ChatGPT Creator Releases Anti-Cheating Tool for Teachers

Image: OpenAI

ChatGPT creator OpenAI today announced the launch of a new “classifier” designed to detect machine-written text.

“We’ve trained a classifier to distinguish between text written by a human and text written by AIs from a variety of providers,” the company said.

While the company’s AI-powered chatbot has taken the world by storm, it has also raised concerns about machine-generated text being exploited for schoolwork, misinformation campaigns, and more. Last week, ChatGPT made it into the news for passing the final exam for the Wharton School’s Master of Business Administration (MBA) program.

OpenAI said that its new text classifier tool is designed to address instances where AI-generated text may be passed off as written by a human, including for automated misinformation campaigns, academic dishonesty, and misrepresenting an AI chatbot as human.

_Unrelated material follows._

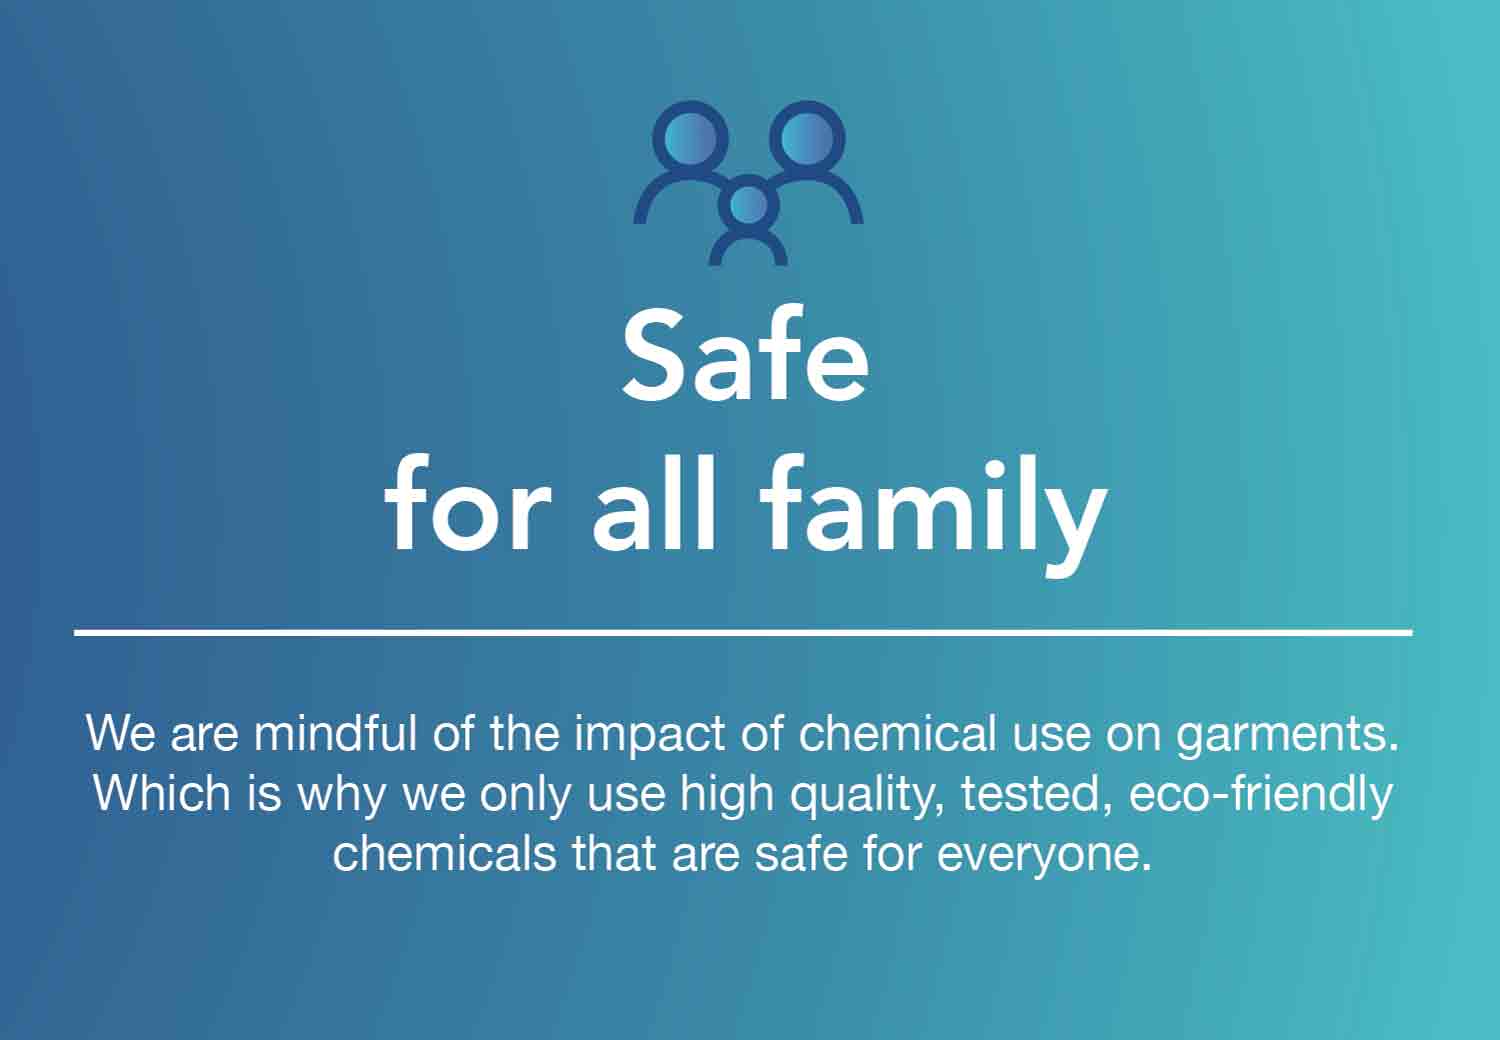 Safe For the family. It is every mother priority to ensure her family always be given the best, especially in things concerning health. We at Puro Fabricare, are well eqquiped with chemicals that are profen safe for highly sensitive skin, child with allergies, and even for your babies.

To check whether a chunk of text was written by an AI, users can simply copy it into a box and the system will evaluate it. It will rate the text on a five-point scale, ranging from very unlikely to have been AI-generated to unlikely, unclear, possible, or likely. You can click here to try the classifier for yourself.

According to OpenAI, the tool works best with text samples that are greater than 1,000 words. how similar the text being analyzed is to the types of writing OpenAI’s tool was trained on.

OpenAI described the classifier as a “work-in-progress,” noting that it is not fully reliable. “In our evaluations on a “challenge set” of English texts, our classifier correctly identifies 26% of AI-written text (true positives) as “likely AI-written,” while incorrectly labeling human-written text as AI-written 9% of the time (false positives).”